Остров Локк - страница 29

Шрифт
Интервал


Так прошёл год.

Генри

Весной у меня появился друг.

Имея достаточно свободного времени, я часто посещал книжную лавку на соседней улице. Вот там-то я увидел однажды худого, с измождённым лицом человека лет двадцати пяти, чуть выше меня ростом, с чёрными, в отличие от моих рыжеватых, волосами. Он вошёл и, виновато улыбнувшись хозяину, с обезоруживающей простотой признался:

– Я ничего не буду покупать. Посмотрю только, можно?

Тот лишь махнул рукой.

– Часто сюда заходит, – пояснил он мне. – Поесть не на что, а на книги смотрит.

Я исподволь стал наблюдать за странным гостем. Его худые, с шишковатыми суставами, пальцы удивительно нежно прикасались к томам, очень медленно раскрывали их, поглаживали страницы. Наконец, он добрался до отложенных мною книг, взял верхнюю («Генри Филдинг»[16] – прочёл я тиснение на коже) и, сообразив, что это уже чужая книга, с той же виноватой улыбкой положил на место.

– Меня тоже звали Генри, – сообщил он мне.

– А сейчас как зовут? – вежливо поинтересовался я.

– Никак.

И, встретив мой недоумевающий взгляд, добавил:

– Меня почти уже нет. Пропадаю.

Чем-то жутким повеяло на меня от таких слов. Холодок прошёл по спине.

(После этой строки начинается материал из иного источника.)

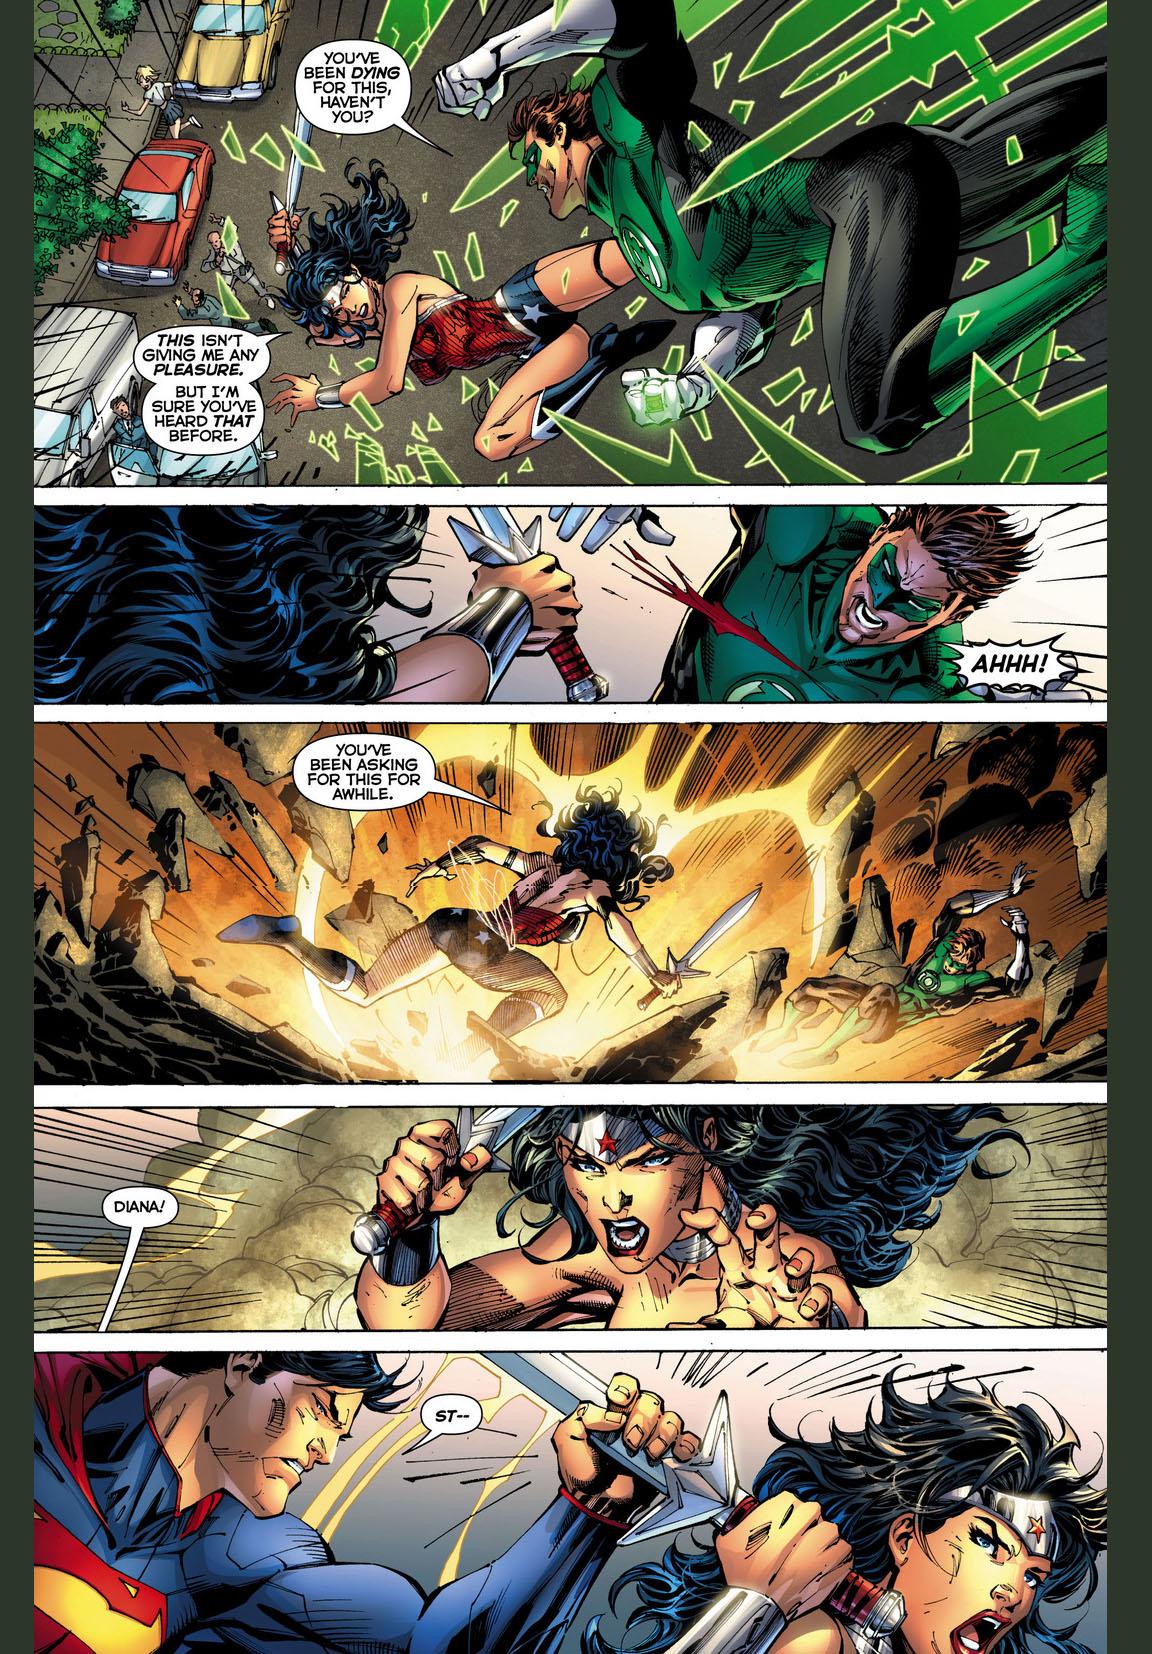 wonder woman vs green lantern 4
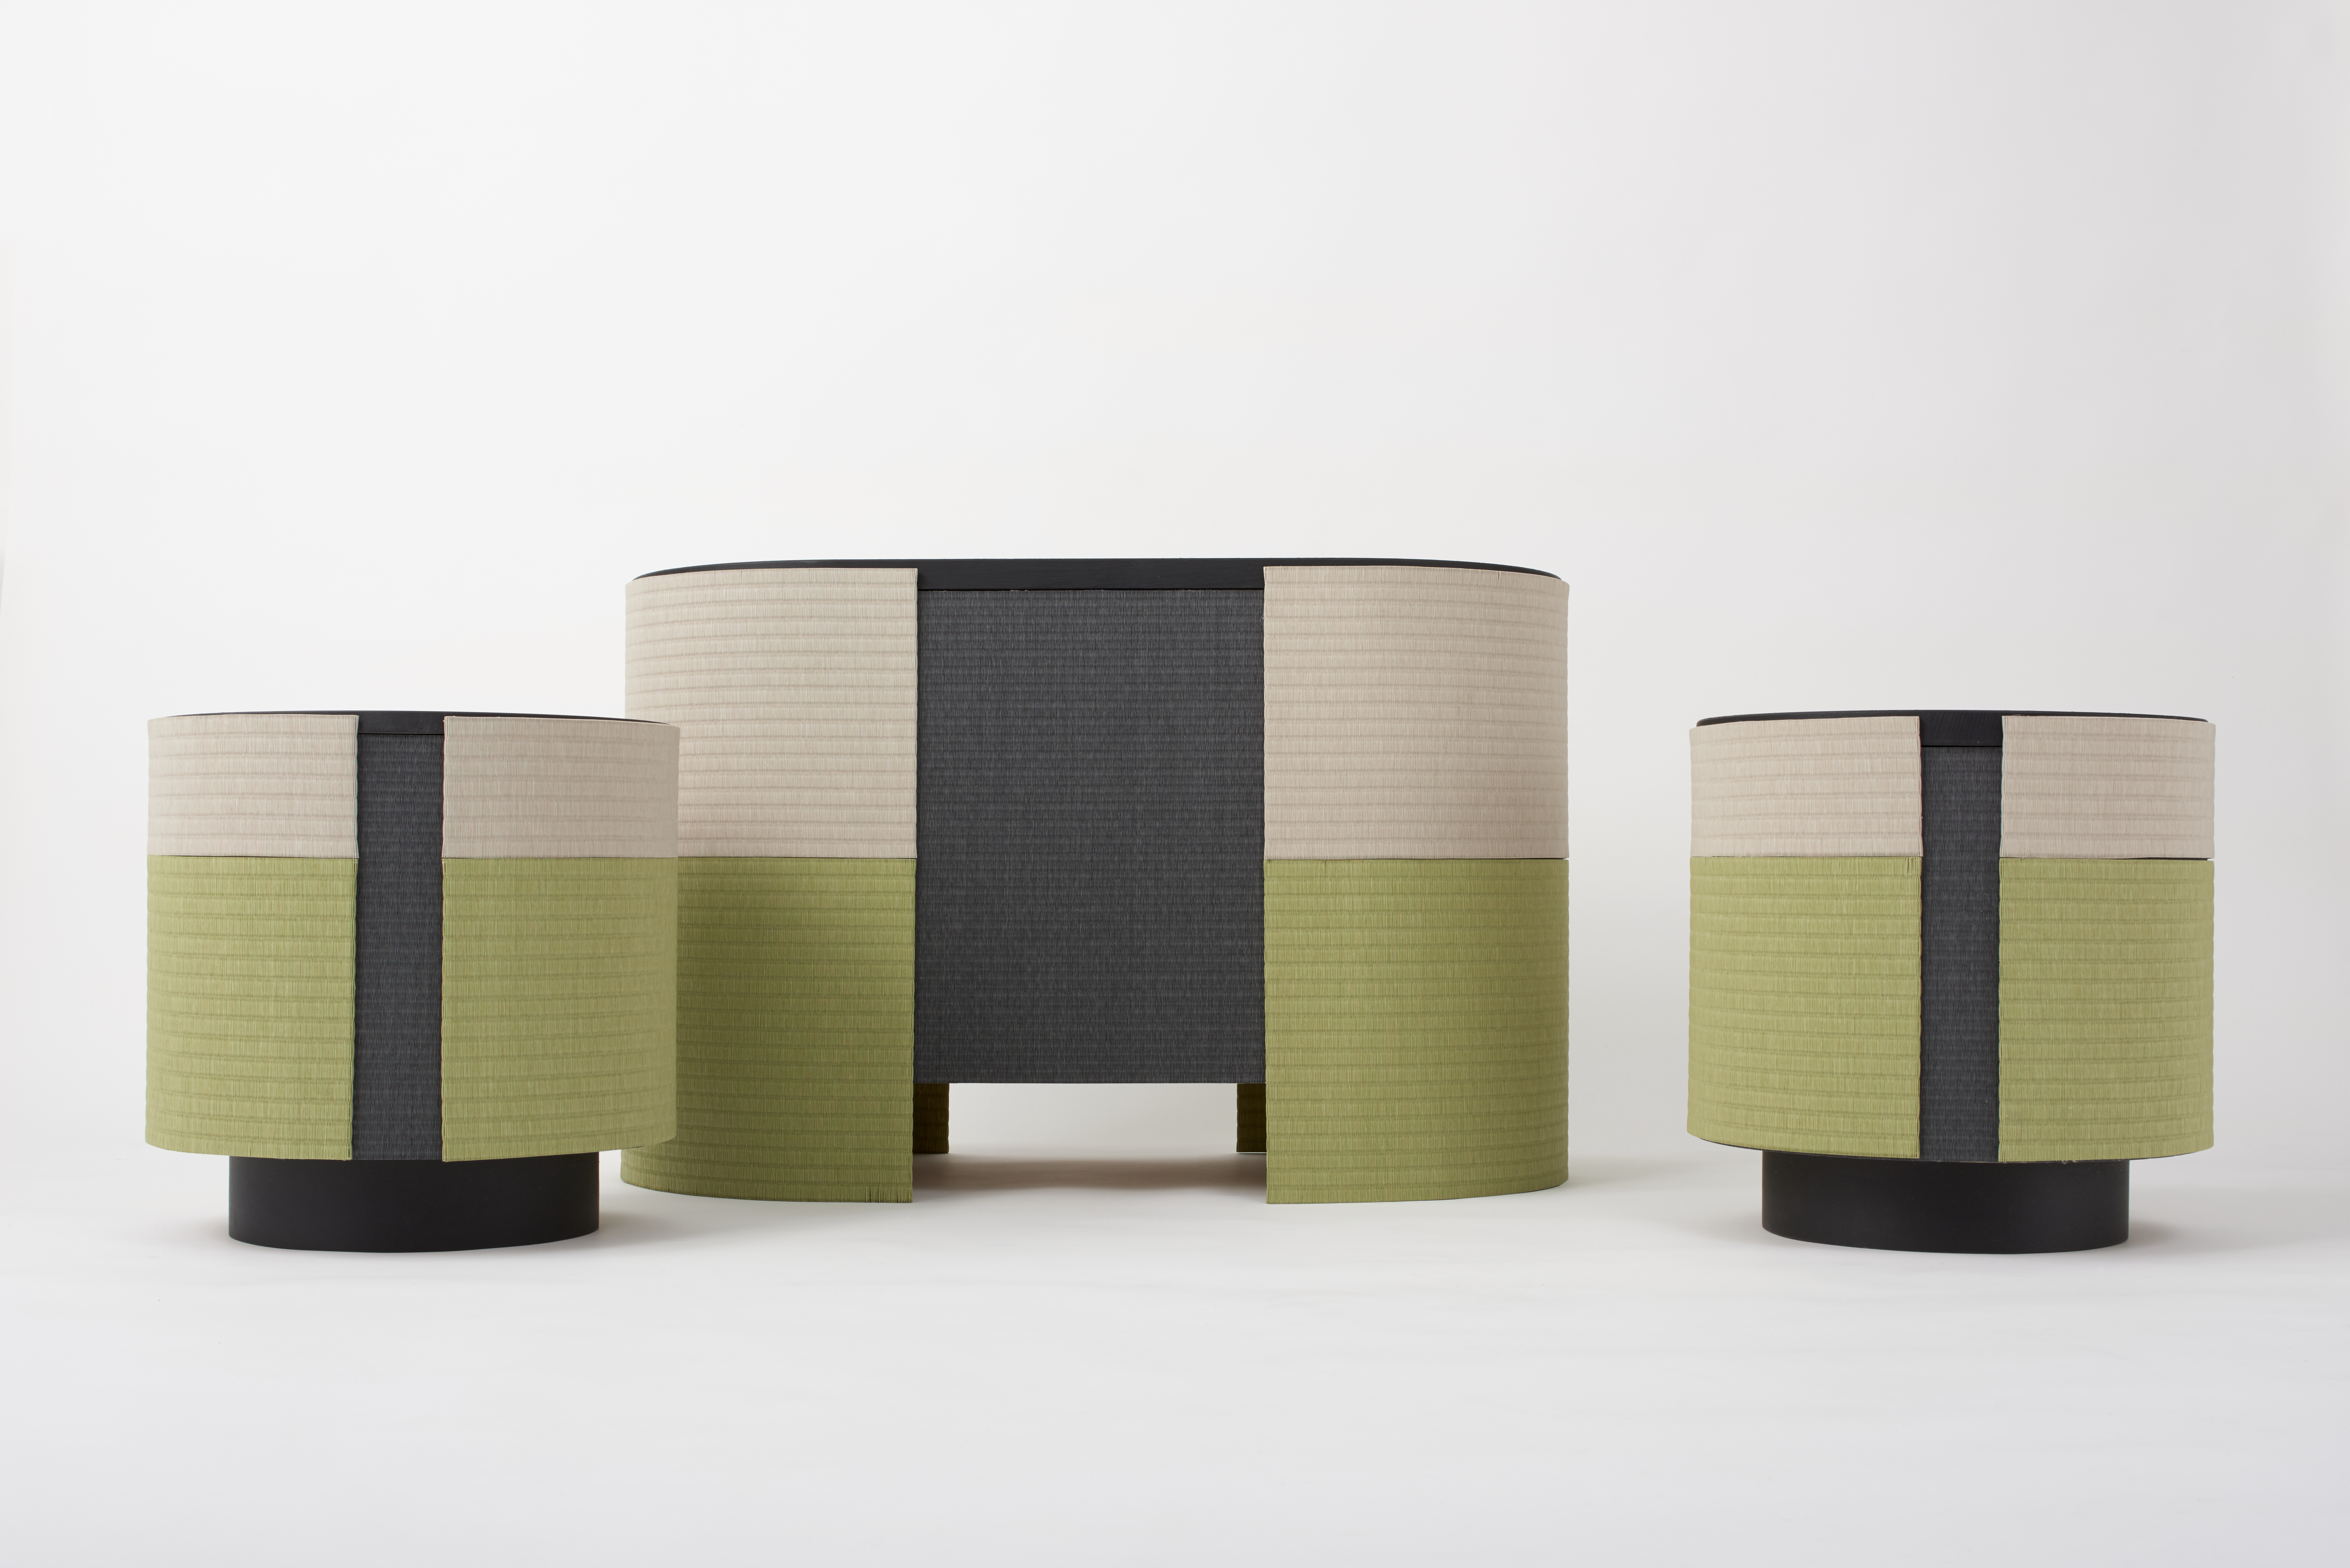 affordable maison u objet with fermob ledru rollin. Black Bedroom Furniture Sets. Home Design Ideas

– Вы больны? – участливо пробормотал я.

– Я остался один, – равнодушно и тихо ответствовал он. – Ничего не умею делать. Жить не на что.

– За то, что я иногда позволяю ему здесь читать, – быстро вмешался хозяин, – он мне чинит ветхие книги. Он сносно делает переплёты!

– Единственно, что у меня получается, – это придумывать истории, – произнёс Генри. – По вечерам там, где люди с лошадьми, я рассказываю их, и меня кормят за это.

Я сунул книги хозяину, за прилавок, подхватил Генри под локоть и вывел из лавки.

– Но хорошая история придумывается раз в год, – отрешённо глядя в сторону, продолжал он, – а людям неинтересно слушать сегодня то же, что и вчера.

Мы доплелись до нашей мастерской, и я втащил почти невесомого знакомца в свою комнату. (Он немедленно направился к полке с книгами.) Я схватил что-то с подоконника, кажется, грушу, сунул ему в руку и помчался вниз, в подвал. В двух словах я открыл плотнику этот странный случай, и через четверть часа на расчищенном углу верстака исходила паром тарелка куриного супа с лапшой, лежали хлеб, лук и лист салата с небольшим холмиком соли. Вернувшись в комнату, я застал гостя в том же положении, в каком и оставил – замершим перед книгами, с ненадкушенной грушей в руке. С сожалением покинув свой пост, покорно и грустно, Генри последовал за мной.